• [WHAT IS EXPECTED]
What is needed is the full listing written out exactly, minus the pictures.

━━━ COLLECTED DATA ━━━

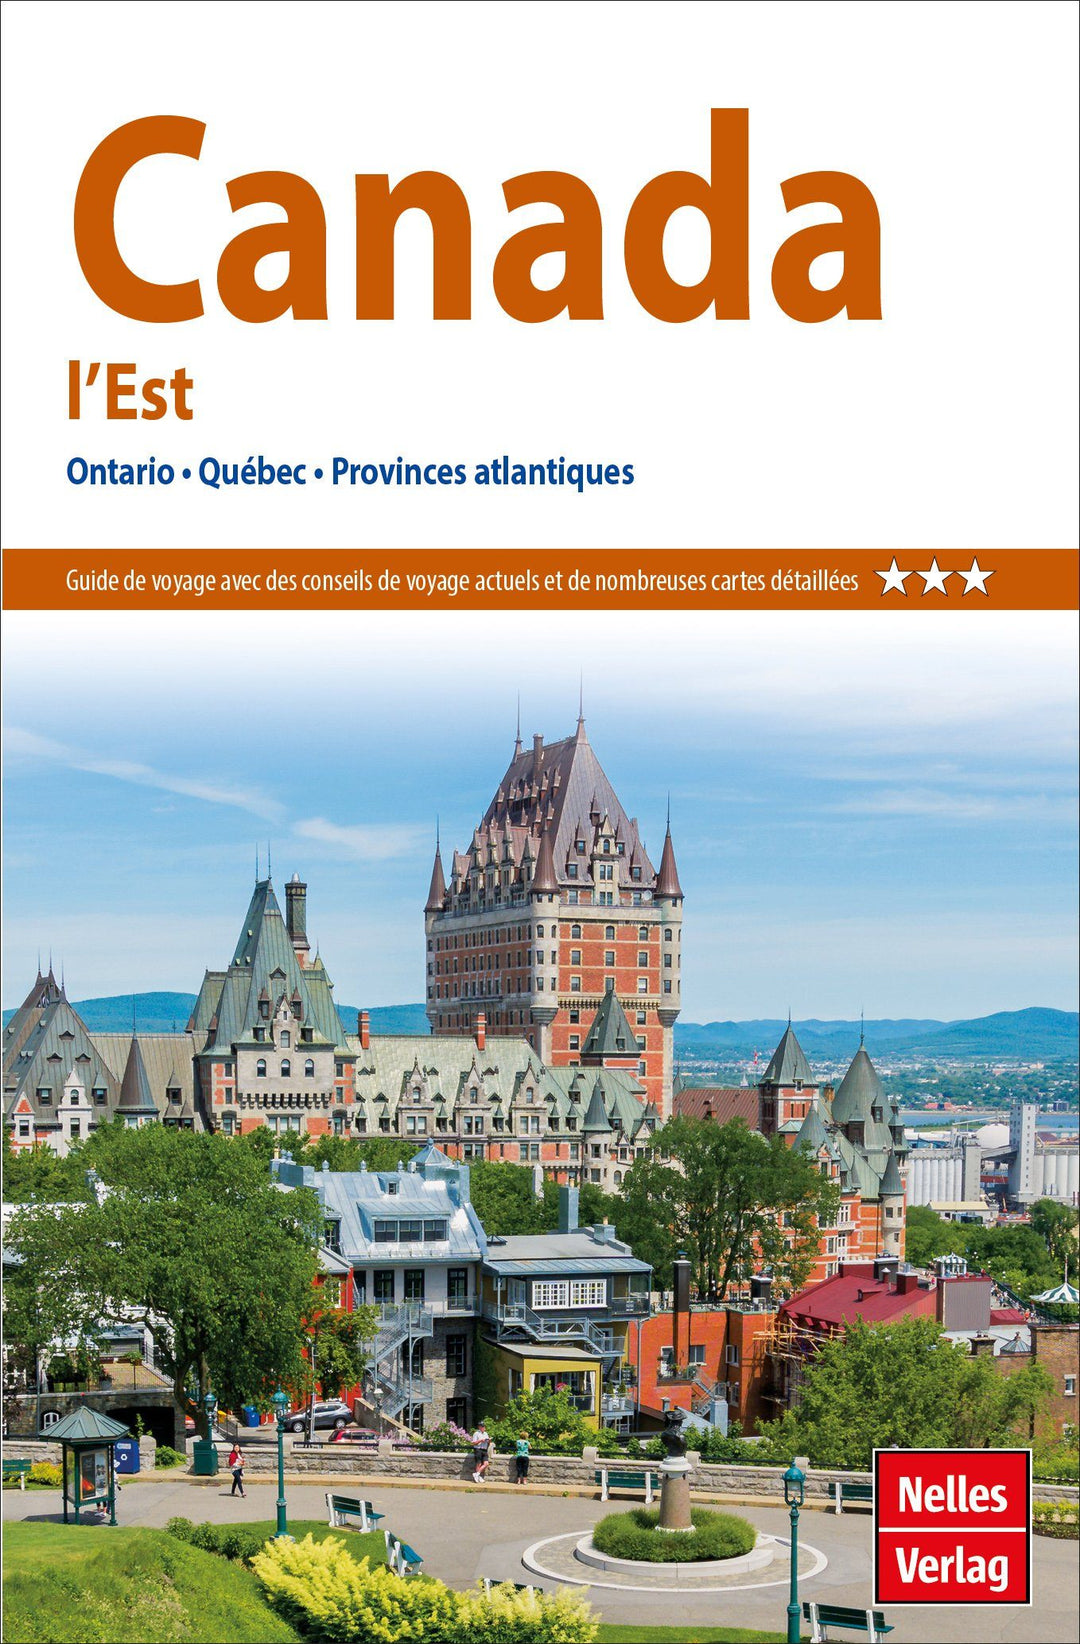 Guide de voyage - Canada Est (Ontario, Québec, Provinces Atlantiques) | Nelles Guide guide de voyage Nelles Guide 
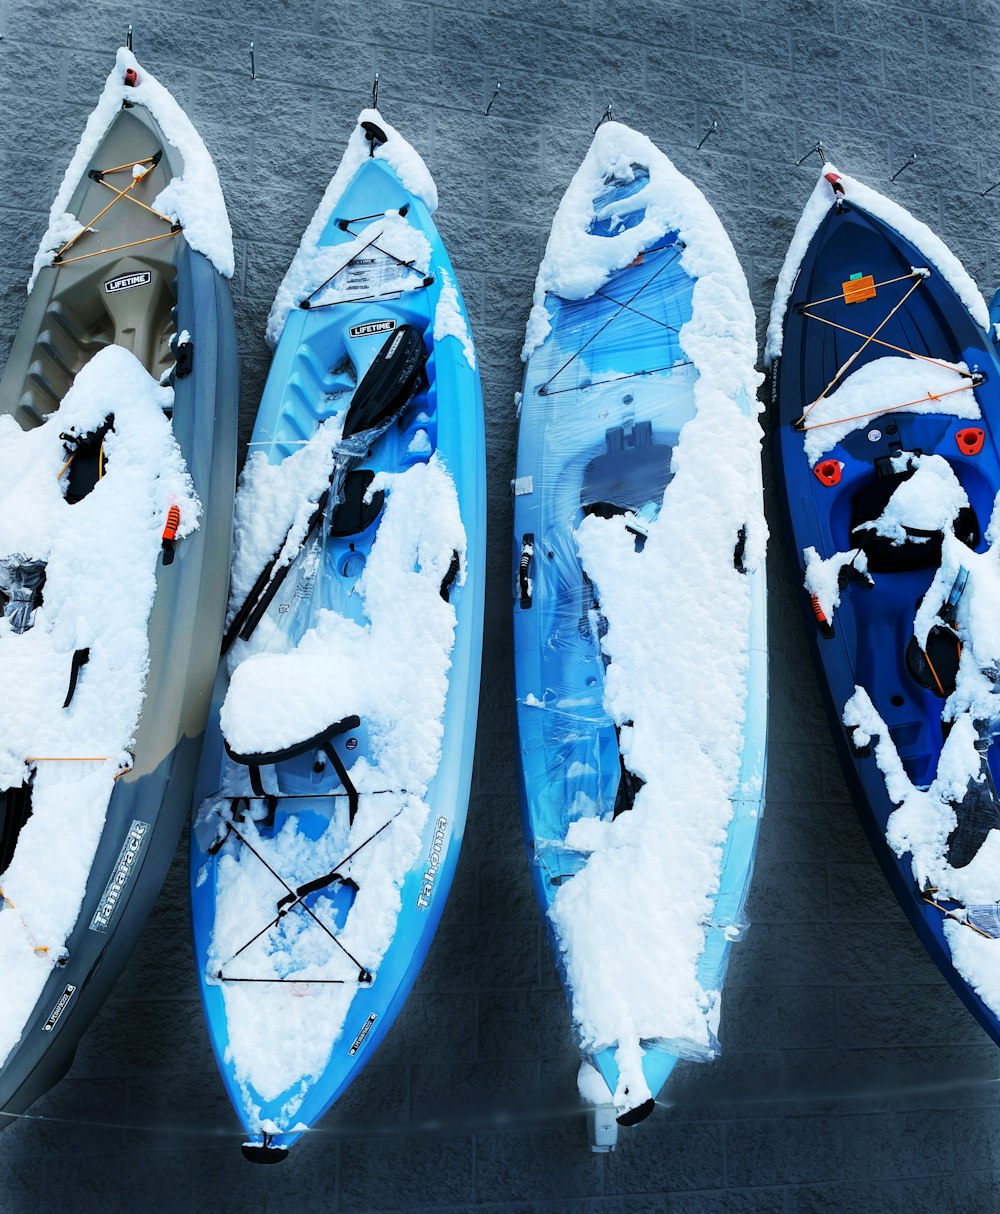 Tres kayaks cubiertos de nieve sentados uno al lado del otro
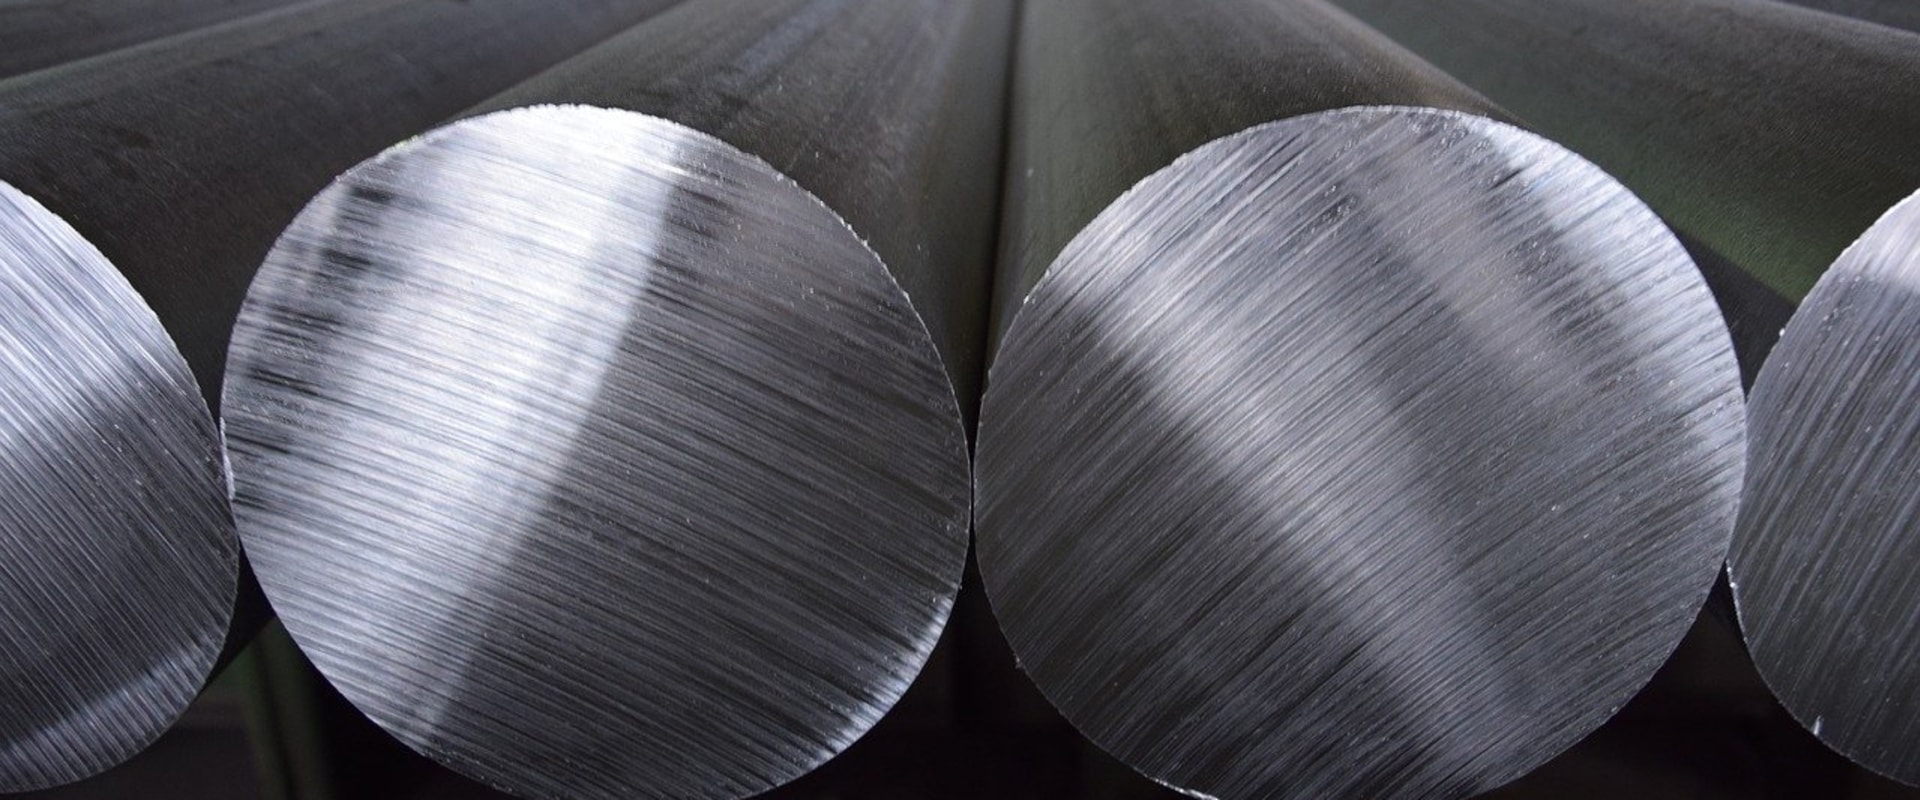 Waar wordt aluminium vervaardigd?

━━━

• [RESULT]
 Guide de voyage - Canada Est (Ontario, Québec, Provinces Atlantiques) | Nelles Guide guide de voyage Nelles Guide 
 Tres kayaks cubiertos de nieve sentados uno al lado del otro
 Waar wordt aluminium vervaardigd?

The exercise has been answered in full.